## WORK REQUIRED
After finding the line with "Asher Sofa Power" in the data below, set down exactly each line through the one with "Daring elegance: Automobili", inclusive, and stop there.

## DATA SHOWN
- - - -

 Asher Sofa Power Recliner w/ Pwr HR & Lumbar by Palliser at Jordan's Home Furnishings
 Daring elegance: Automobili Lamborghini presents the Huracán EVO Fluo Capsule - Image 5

- - - -

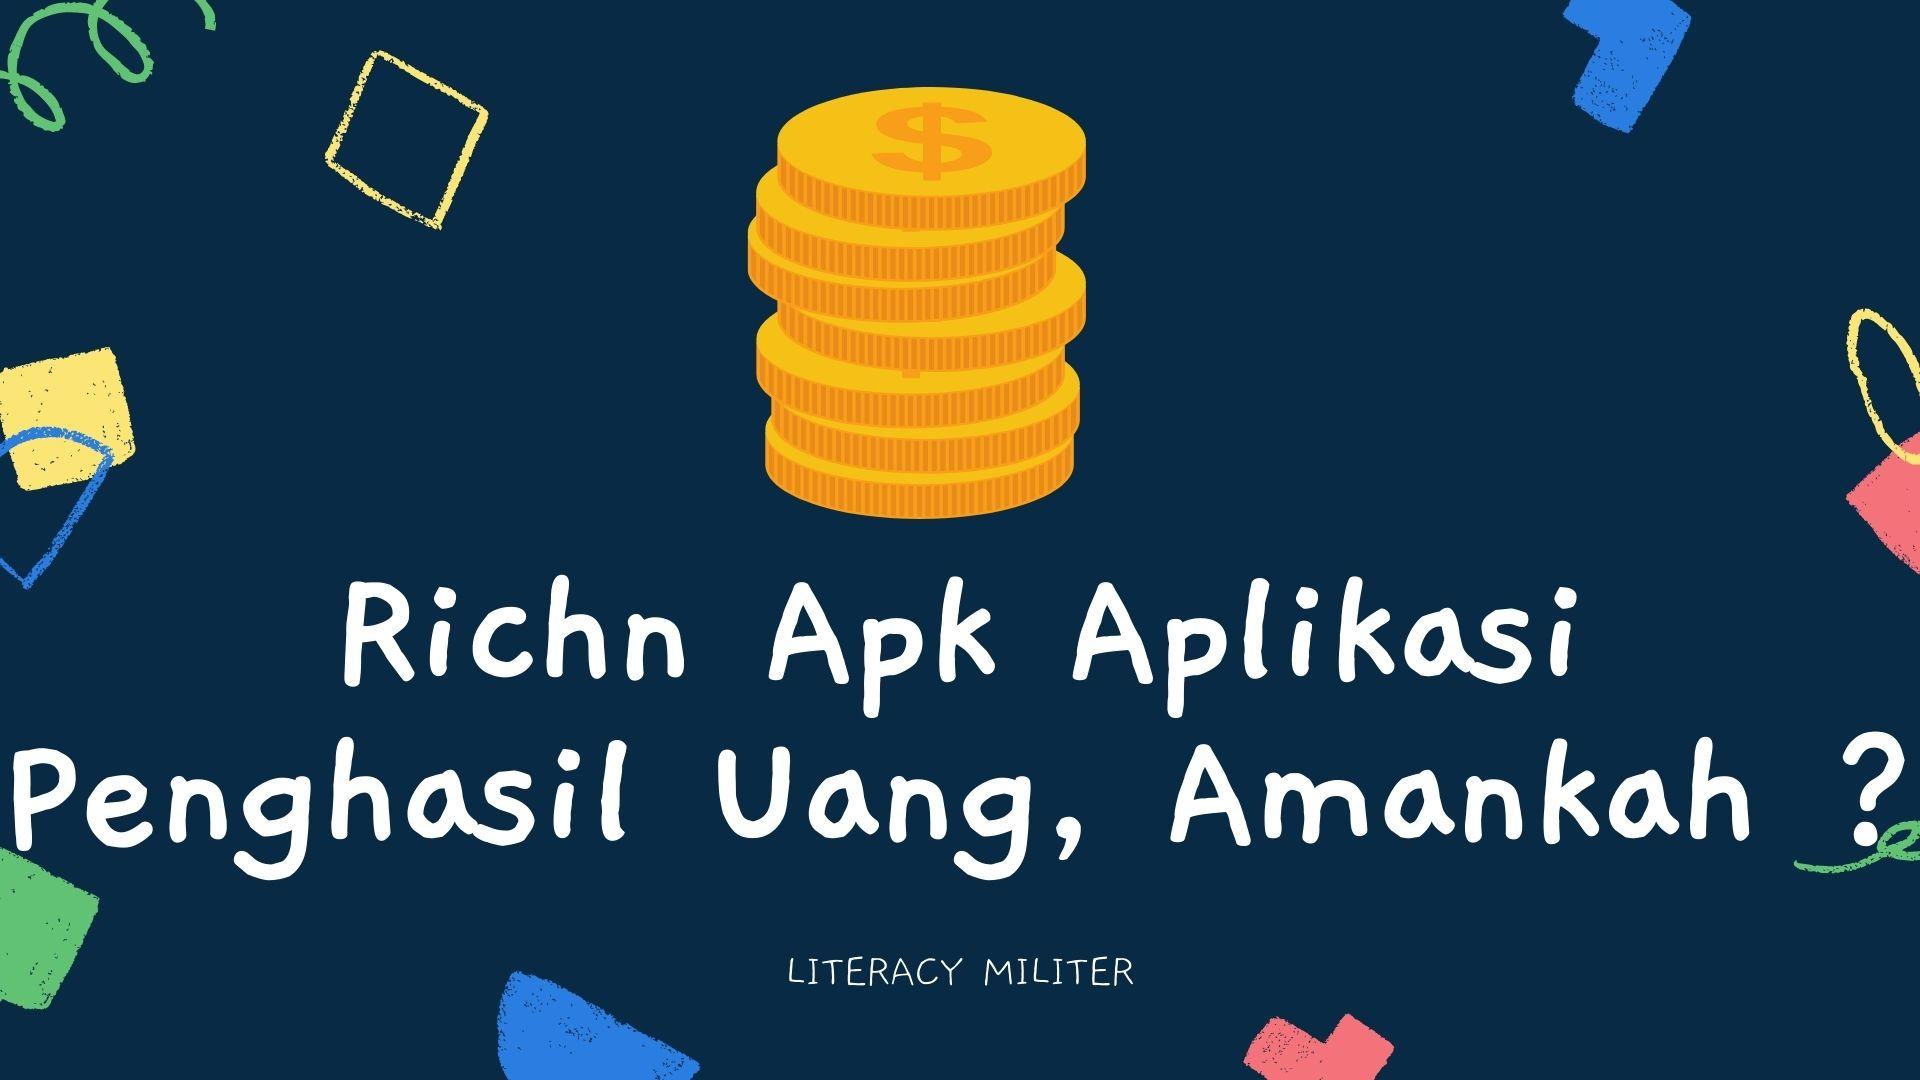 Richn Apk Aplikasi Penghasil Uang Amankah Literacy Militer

- - - -

## SOLVED EXERCISE
 Asher Sofa Power Recliner w/ Pwr HR & Lumbar by Palliser at Jordan's Home Furnishings
 Daring elegance: Automobili Lamborghini presents the Huracán EVO Fluo Capsule - Image 5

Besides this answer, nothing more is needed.